++++ Data below

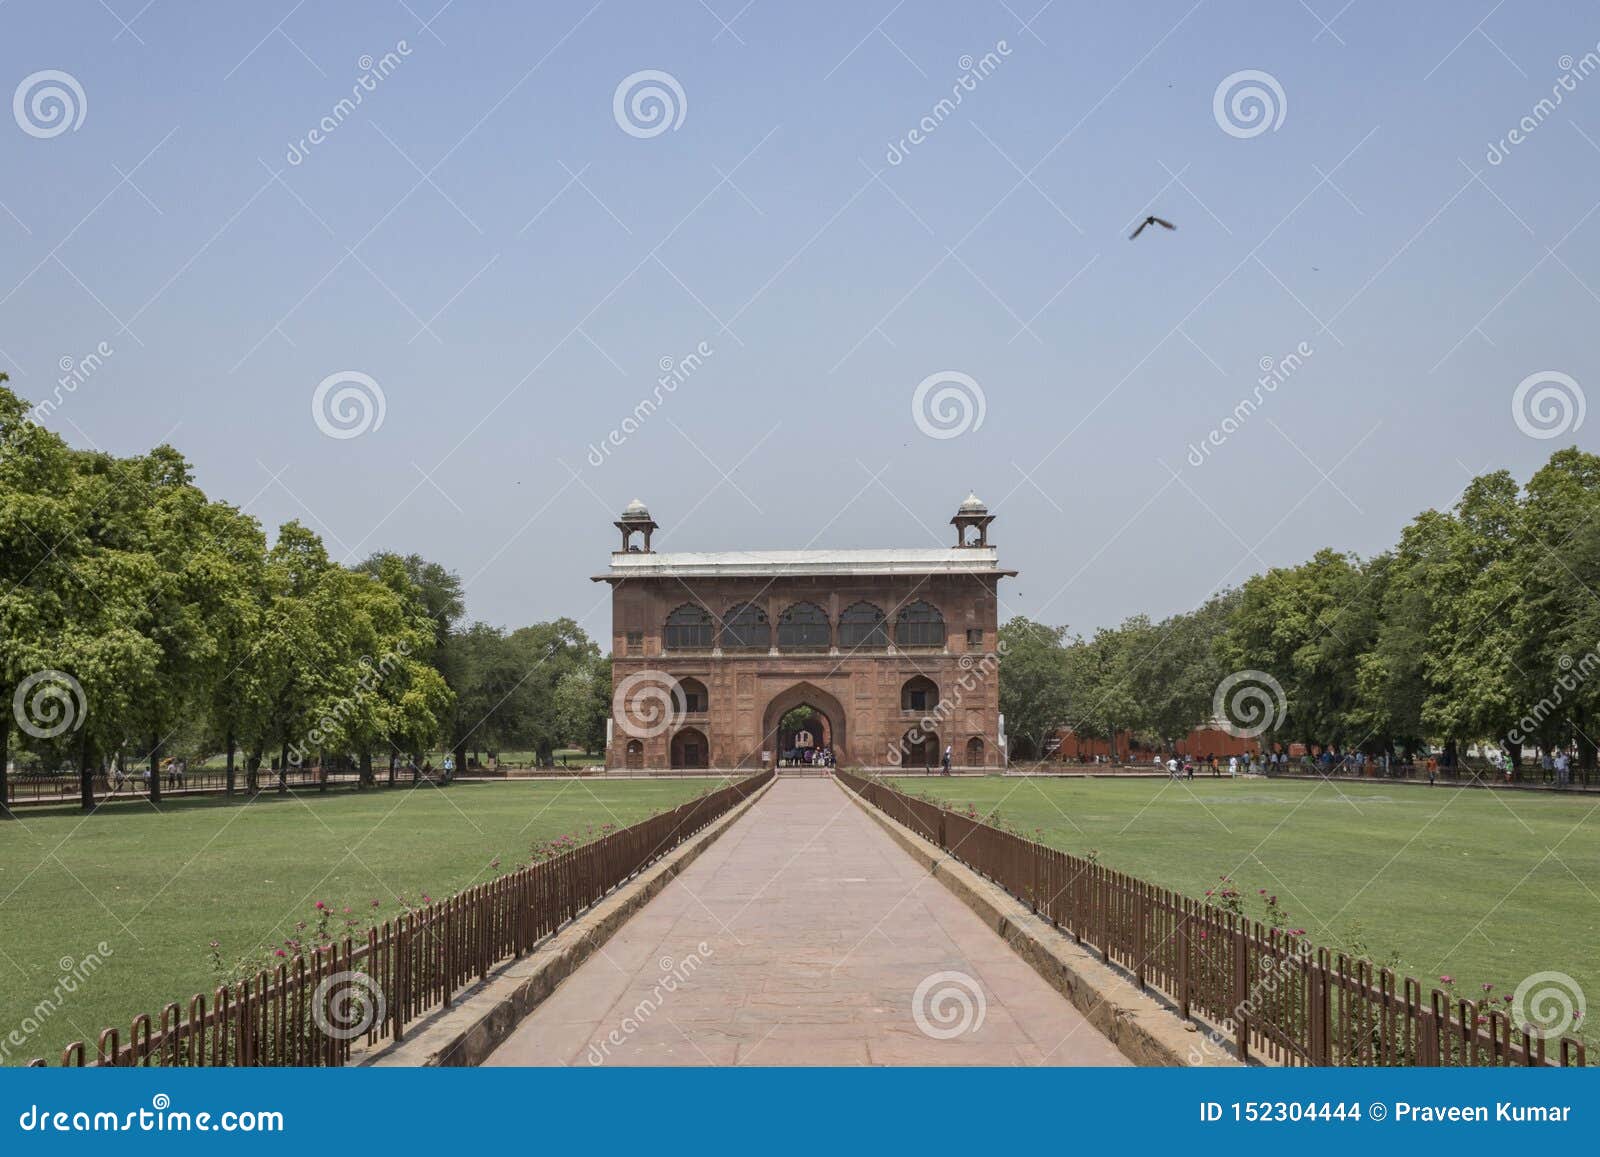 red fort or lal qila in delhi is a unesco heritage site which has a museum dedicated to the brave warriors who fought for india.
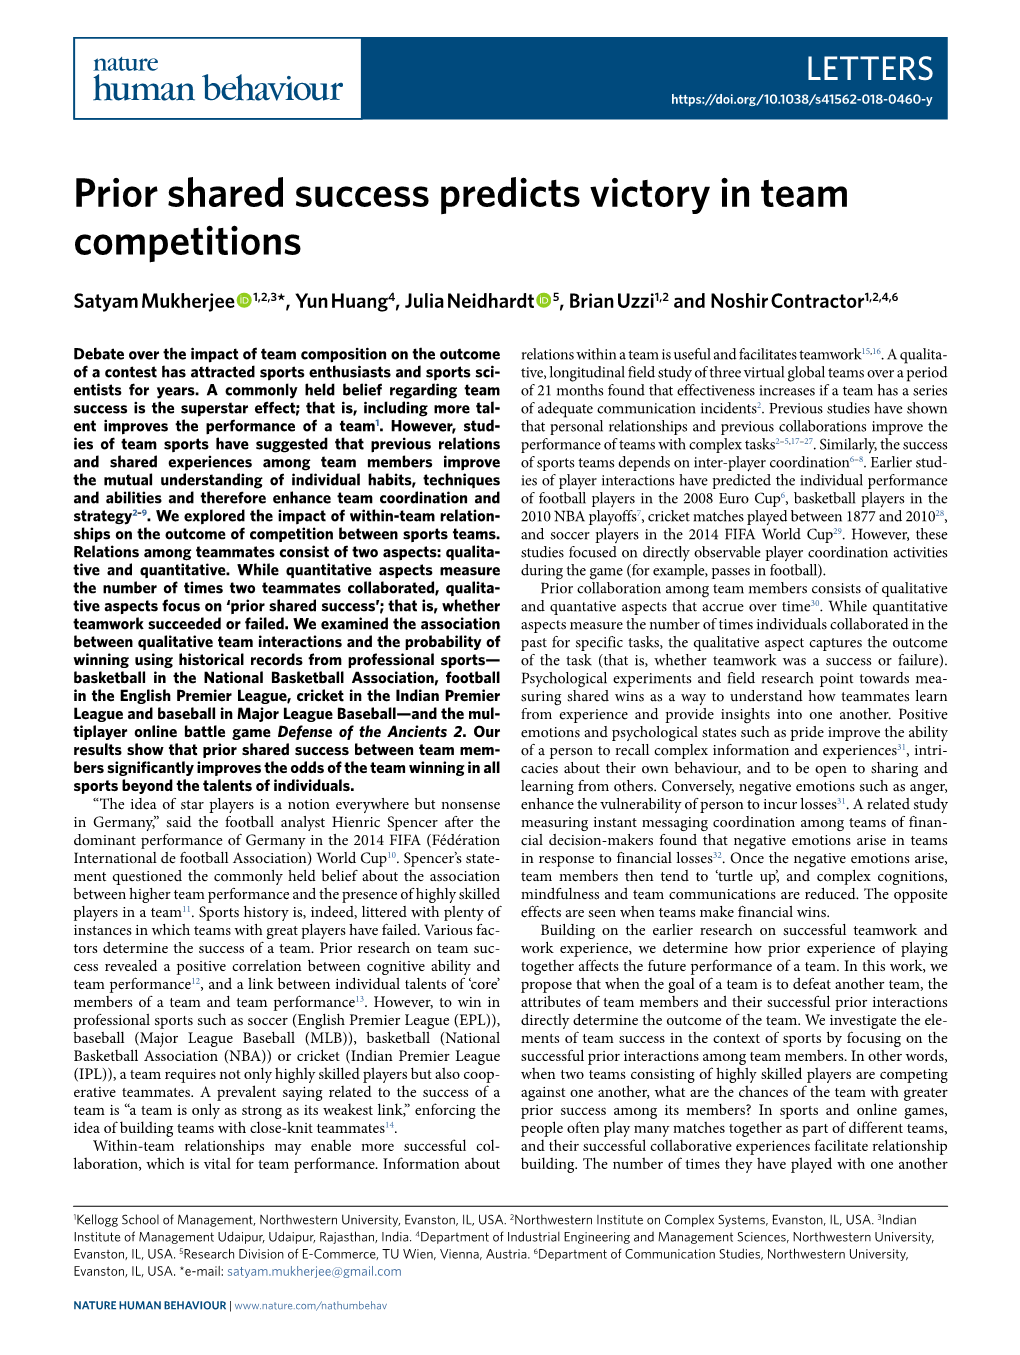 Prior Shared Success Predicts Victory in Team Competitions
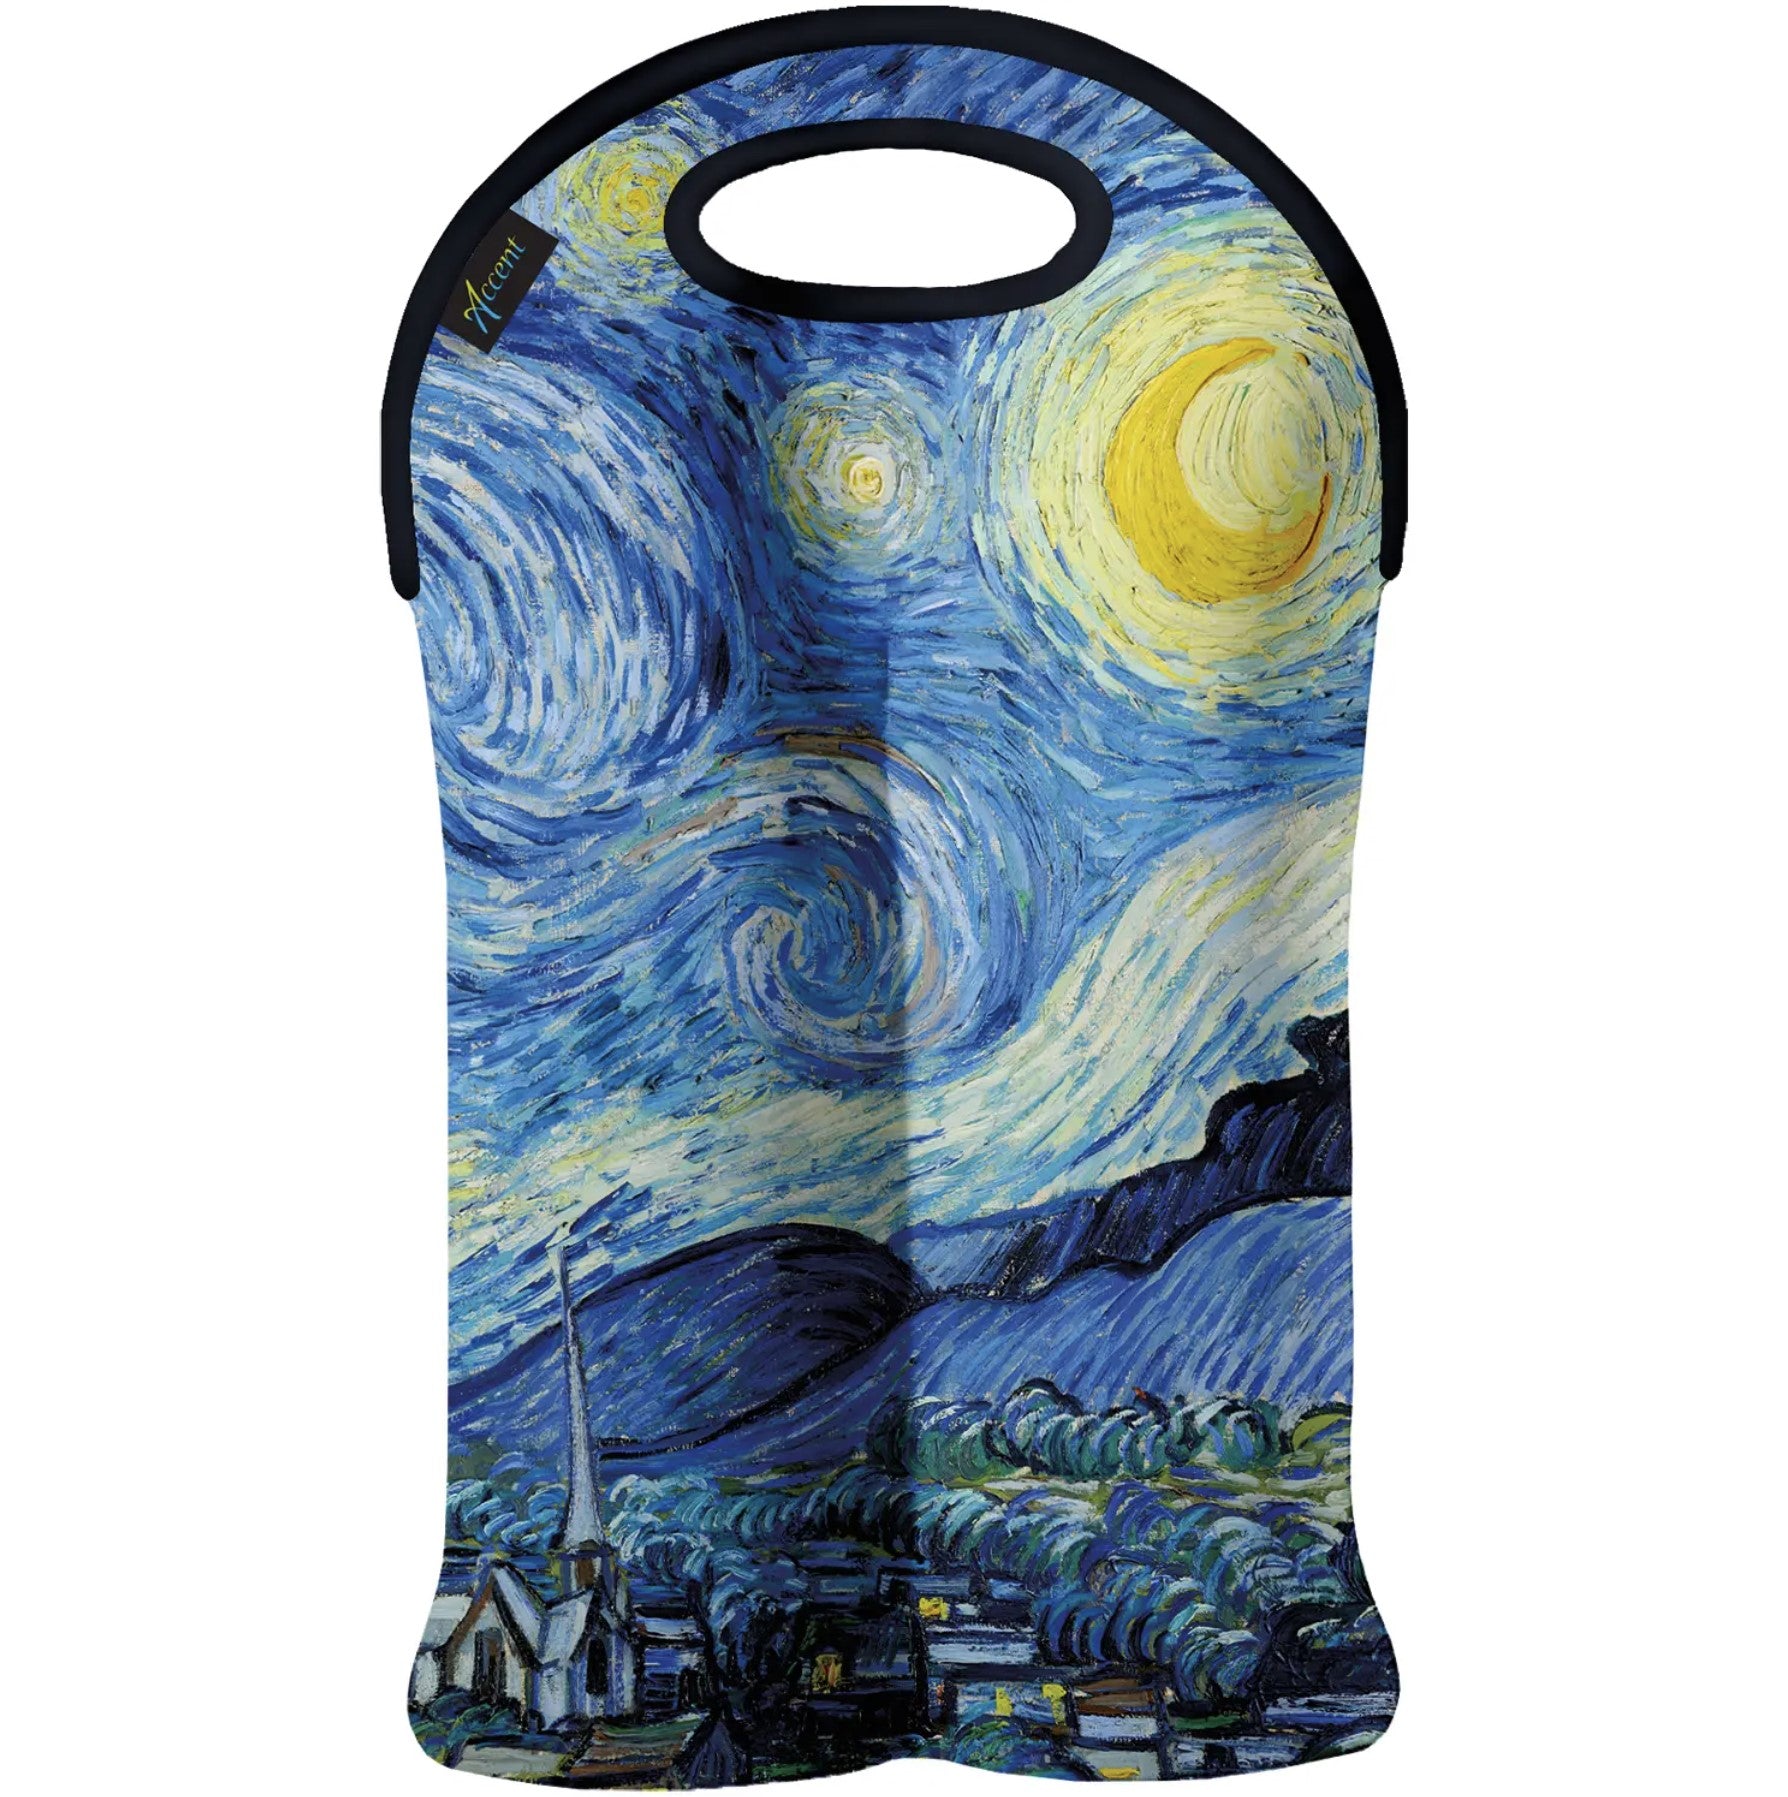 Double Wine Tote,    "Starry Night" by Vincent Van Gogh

++++++++

_Prompt_.
This task calls for the lines from the line containing "Prior Shared Success" through the end of the listing, set down exactly and only, with pictures omitted.

_Reply_.
 Prior Shared Success Predicts Victory in Team Competitions
 Double Wine Tote,    "Starry Night" by Vincent Van Gogh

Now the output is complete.